For the bulls, the market was able to rebound from the ugly close of the previous week, and again bring the S&P 500 back to unchanged on the year. Also, Oil had its largest weekly advance in nearly four months, which helped stabilize the high-yield bond market and Consumer Confidence figures beat expectations.
For the bears, last week's market advance was extremely suspect as the gains were led by the worst performing stocks of 2015, and happened on extremely low volume during a holiday shortened week. Also, it was reported investors pulled more money from mutual funds in a seven-day period than in the last two and a half years, as $11.1 billion was withdrawn from stock funds, $12 billion from bond funds and $5.6 billion from funds that buy a mix of stocks and bonds.
The Chicago Board of Options Exchange Volatility Index (VIX) closed Thursday at 15.74, or lower by 24% for the week. This was exactly as I had forecast in last week's Weekly Update, as I had theorized that if the S&P 500 stabilized, traders would become extremely wary of owning quickly decaying options into the holidays. I would expect the VIX to remain around the 15-16 level for much of this week as this is another holiday shortened week for New Years.
Events for the Week to Come
Please note the market will be open all day on Thursday, but will be closed on Friday in celebration of New Years.
This week has the potential to be as slow as last week, as many hedge funds and traders have essentially closed down trading operations for the year in the week before New Years. Also, economic data releases will be extremely light this week. Because of this potentially slow week, as I had advised last week, I do not recommend buying a lot of options in the days to come as the decay could be drastic if your stock does not make a significant move.
What Traders are Saying
In this section last week I noted that there could be a rotation into the commodities, transports, industrials and the other sectors that had underperformed so poorly in 2015. While I did not have enough conviction to add one of these stocks to our portfolio based purely on my theory, I wanted to let you know that this was a possibility. Then on Monday and Tuesday morning call buyers and put sellers swept through these sectors, and Tuesday, late in the morning, I sent an update noting this bullish activity.
By the end of the day Tuesday the list of stocks leading the S&P 500 included:
Joy Global (JOY) up 8% on the day - down 70% year-to-date
Diamond Offshore (DO) up 5.5% on the day - down 40% year-to-date
Caterpillar (CAT) up 5% on the day - down 24% year-to-date
United Rentals (URI) up 4.5% on the day - down 27% year-to-date
This was just a small sample of the "dogs of 2015" that ripped higher on Tuesday and Wednesday.

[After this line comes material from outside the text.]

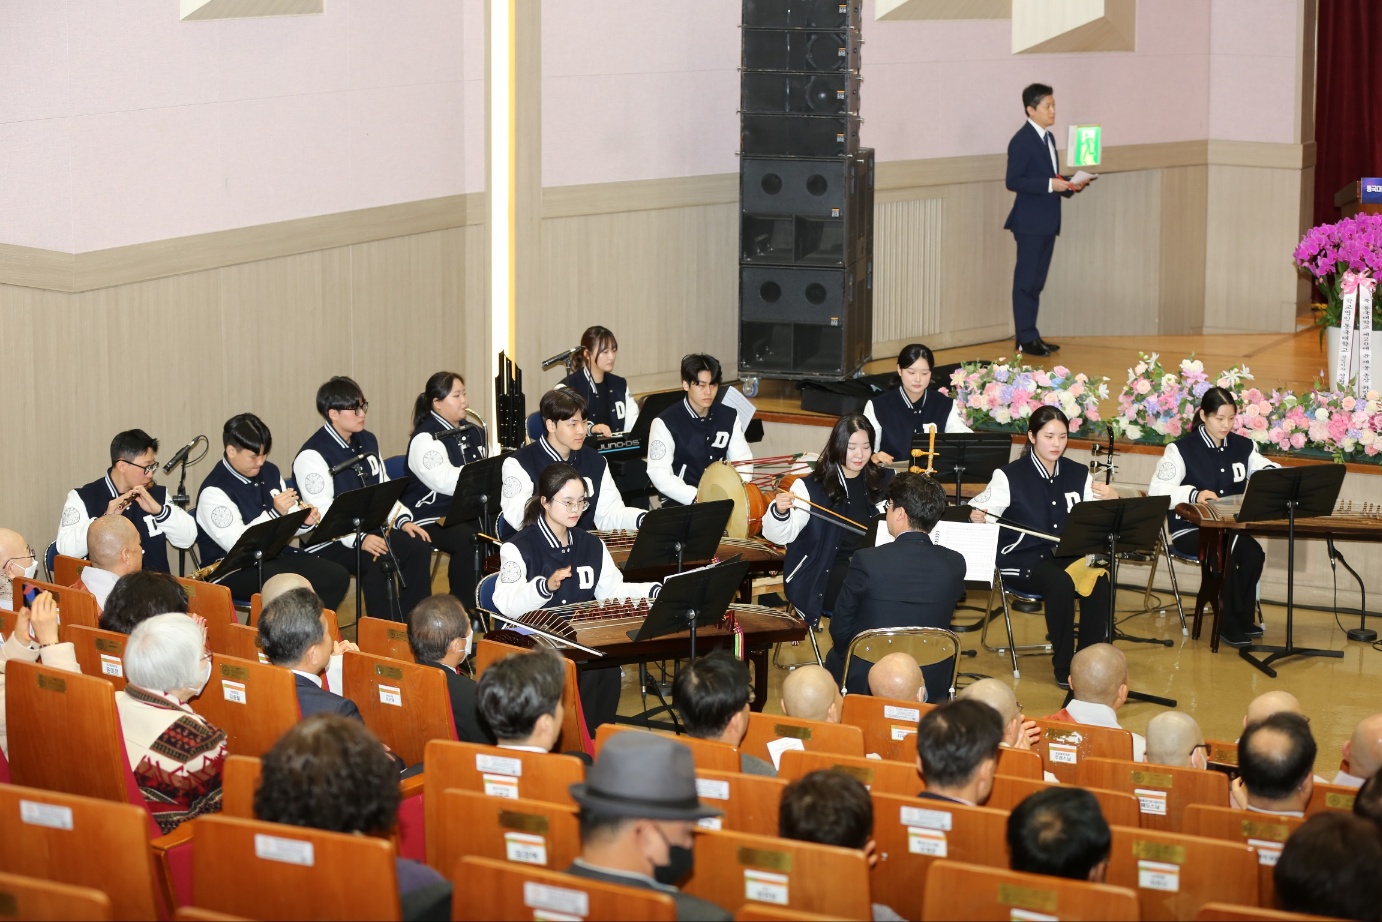 한국음악과 23학번 신입생들 중 기악파트 학생들이 제20대 윤재웅 총장 취임식에서 축하공연 연주를 하고 있다

Meanwhile, the "leaders" of the market, such as Facebook and Amazon closed marginally lower for the week, even as the three major indexes were up approximately 2.5%.
This is the type of action we have seen all year. The overall market continues to stay within a reasonably tight range, while under the surface there is extreme sector rotation. What sparks this rotation is anyone's guess. That said, this week's action was not terribly surprising as the selling in these beaten down sectors had potentially become too extreme, and traders may have wanted to "frontrun" a rotation into these sectors into the New Year.
Only time will tell if this past week's rush to the trash of 2015 is the start of a bigger trend into 2016 ... I am a bit suspect of this. This move was made during a holiday shortened week, on extremely light volume. That said, my takeaway from last week is that as is typically the case, one of the best reads on the market, and where the "hot money" is flowing, is to continue to watch for trends in my daily bull/bear order flow emails.